There are over 7,000 rare diseases impacting the lives of 350 million people worldwide. Join Aaron's Ohtahara Foundation to increase awareness for rare disease and hear two voices of rare disease. Dan McDonald and Lauren Gibilisco will speak about the impact of rare disease on their lives.

The evening includes a sloppy joe dinner, dessert, speakers, and basket bidding option. The evening’s proceeds will go towards advancing rare disease awareness efforts for both Ohtahara Syndrome and Wolfram Syndrome.

Ticket Information: $10  Dinner tickets (Age six and over)
                                  $5  Child Dinner tickets (Age five and under)

Facebook Event Page: https://www.facebook.com/events/956541701050155/

Volleyball For Epilepsy - July 25, 2015

posted May 11, 2015, 8:44 PM by Aarons Ohtahara   [ updated Jul 21, 2015, 8:55 PM ]

New Location but same great tournament!

Sinnott's Sand Bar in Papillion NE will now be the location for this year's tournament. We will miss the Digz but sadly the location closed its doors last year. We loved having the first three tournaments at the Digz and we are looking forward to many more with Sinnott's!

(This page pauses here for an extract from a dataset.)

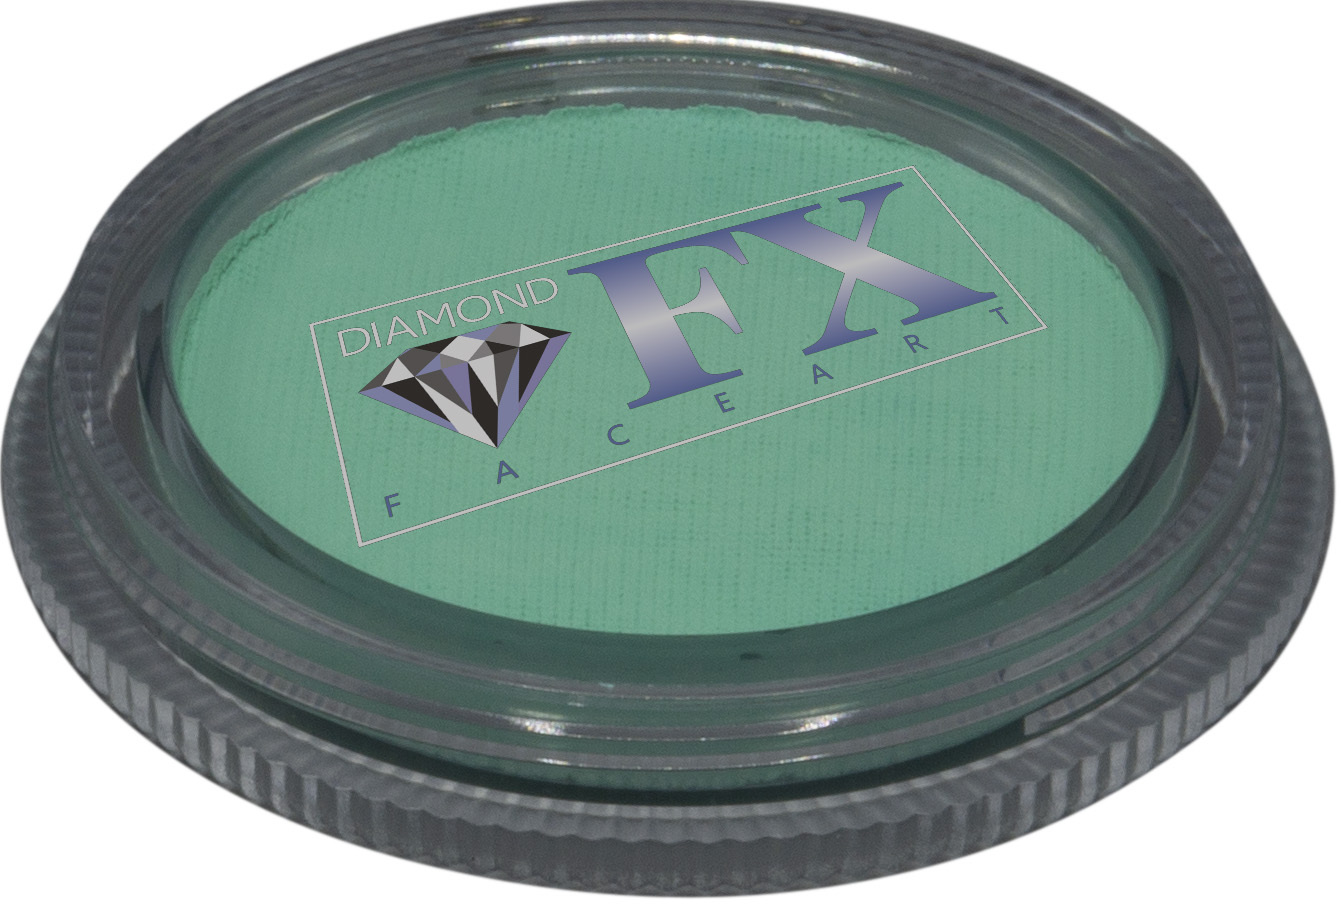 Diamond FX Pale Green 30g - Small Image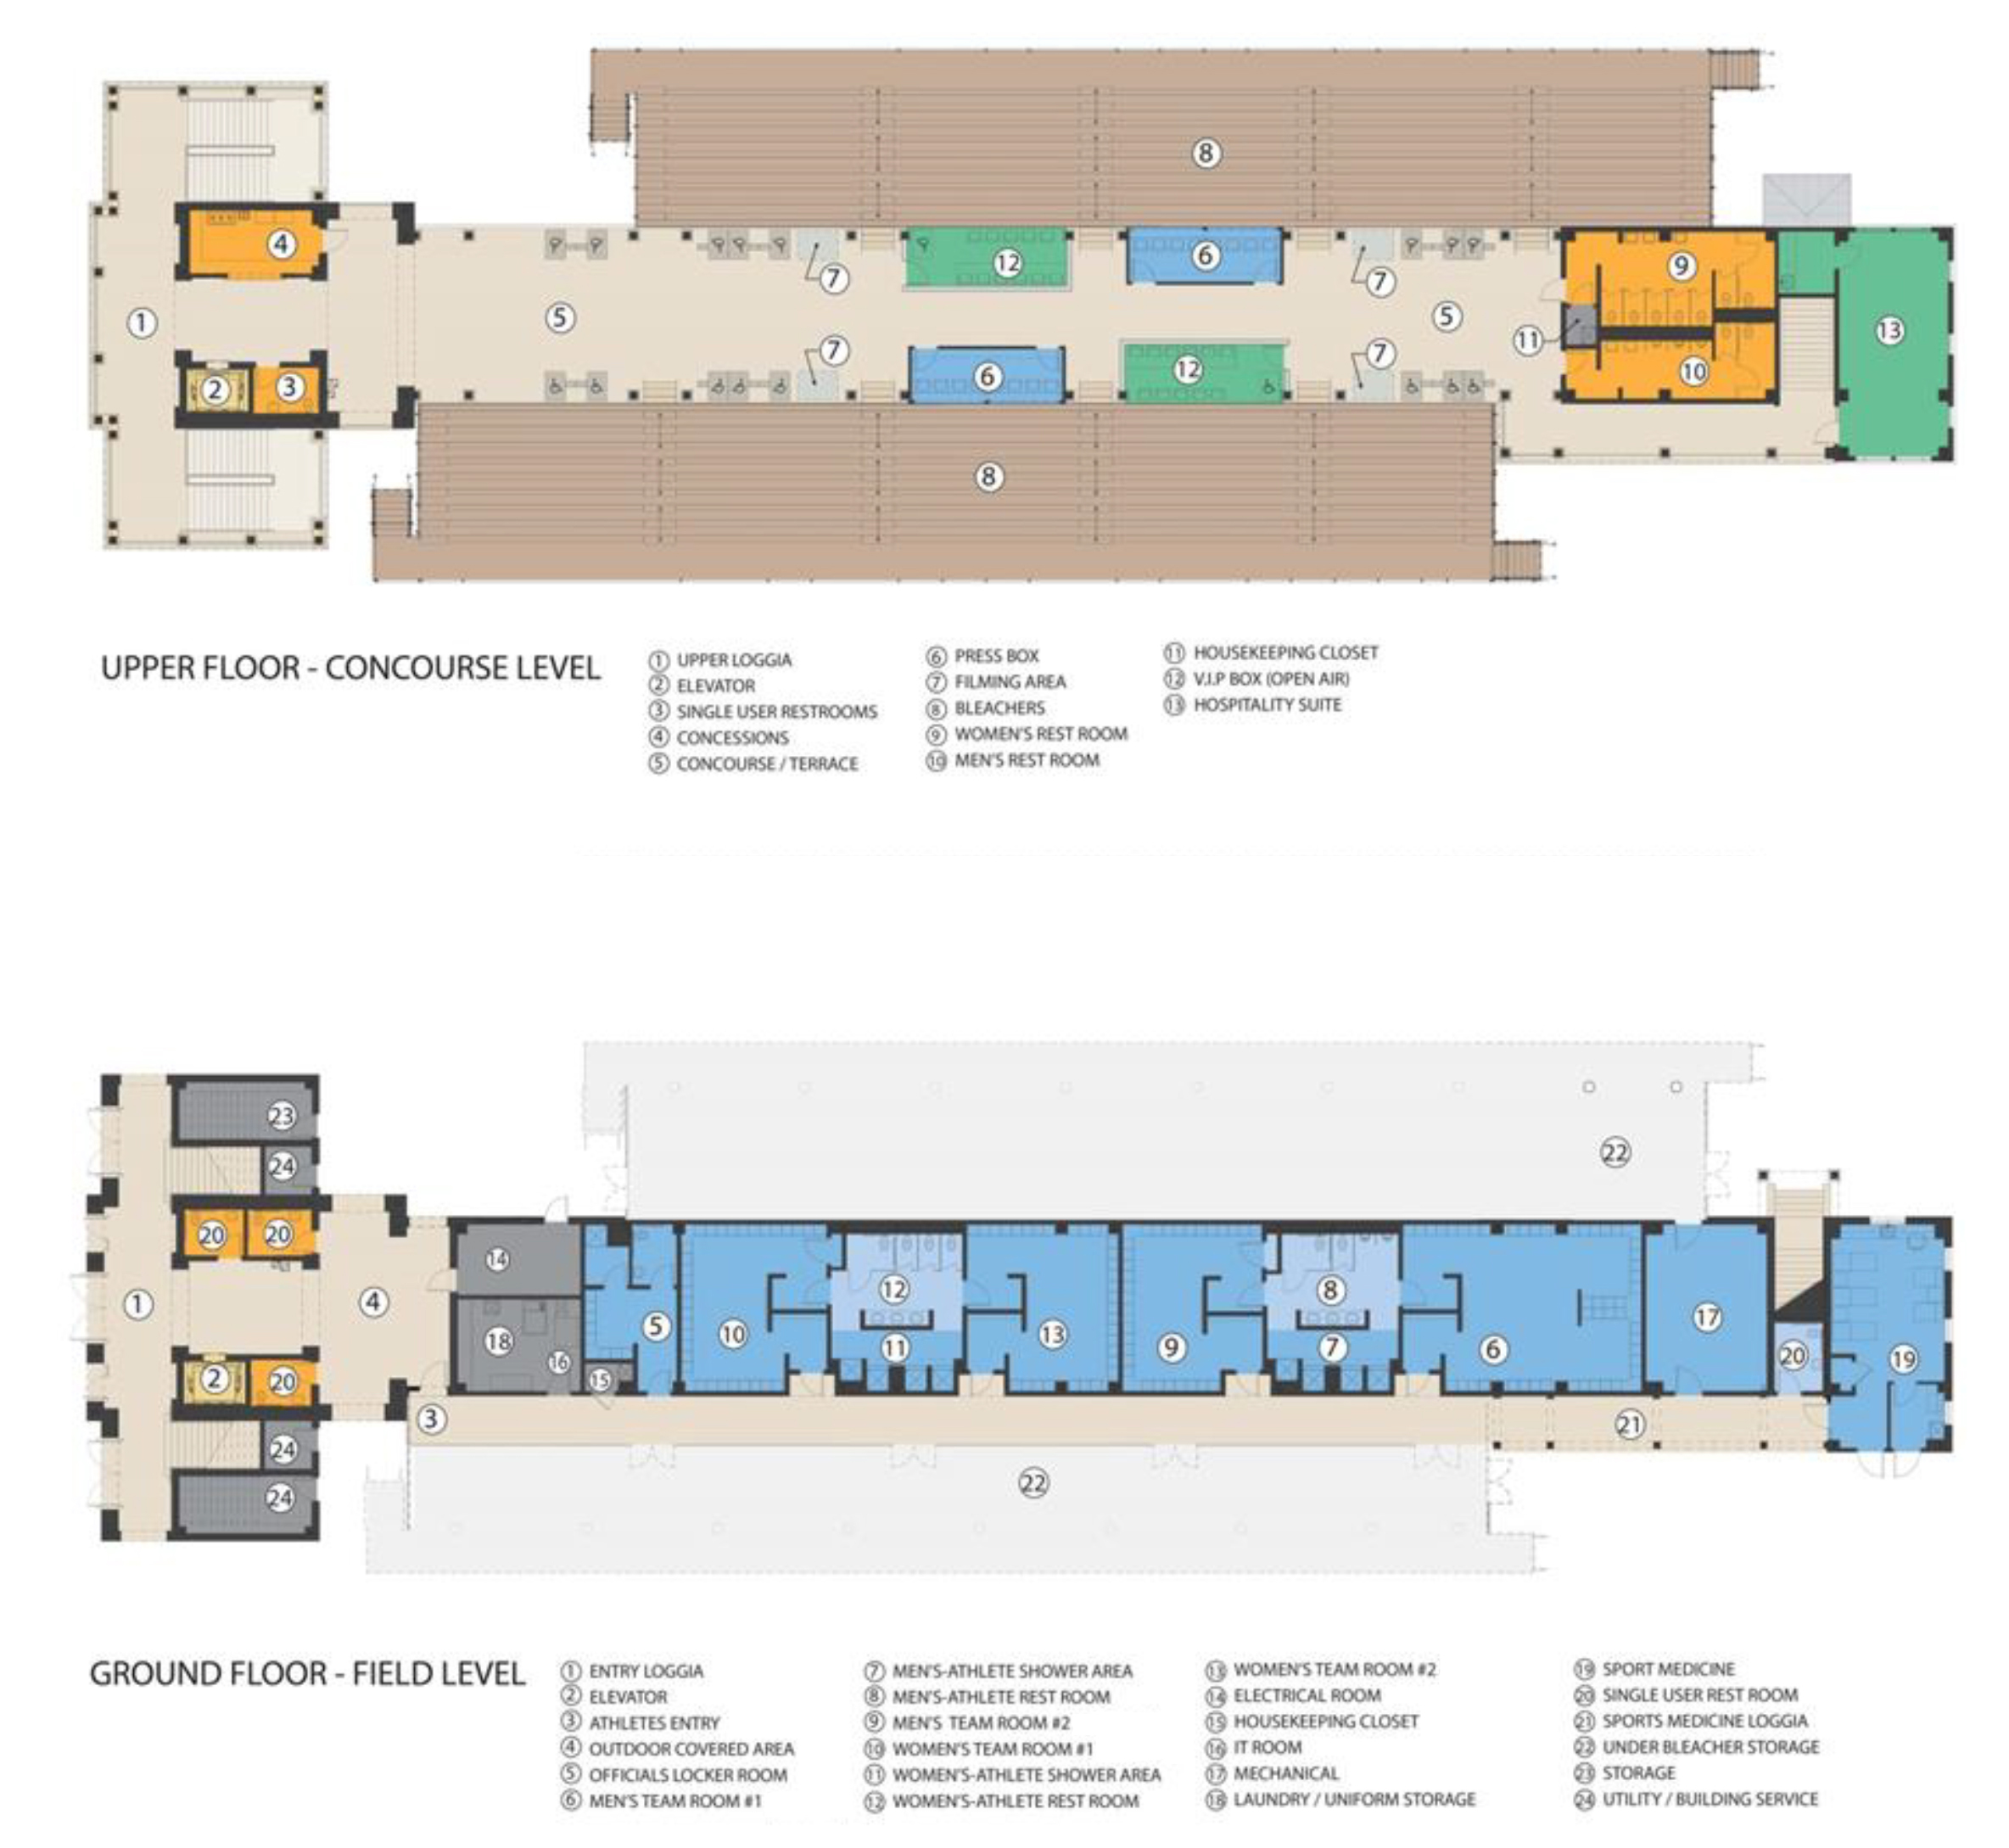 The Upper Floor Concourse Level and Ground Floor Field Level floor plans of the Jamie L Roberts Stadium

This is a double elimination, coed (we are asking for min. 2 female players per team) volleyball tournament to raise awareness and funds for Aaron's Ohtahara Foundation. Funds will support our objectives of Research, Awareness, and Family Support.

Date: Sat., July 25, 2015
Location: Sinnott's Sand Bar 204 E Lincoln St, Papillion, NE 68046
Time: 11:00-5:00pm
Cost: $90/team

Registration forms are below! Please contact us if you have any questions!!

Rare Disease Day 2015

posted Jan 19, 2015, 8:55 PM by Aarons Ohtahara

Another new year and another time to celebrate RARE! Rare Disease Day is February 28, 2015. We will be celebrating and honoring all those with a rare disease (but especially Ohtahara Syndrome - of course!) at the Sanford CoRDS Rare Disease Day Symposium.  We are honored to be celebrating with them for three years now. It is such a blessing to speak with other parents and families that have family members diagnosed with a rare disease, not to mention learning from a variety of medical professionals regarding their work.  One day perhaps Ohtahara Syndrome will be featured as a topic and with the current research from Boston we may not be far off!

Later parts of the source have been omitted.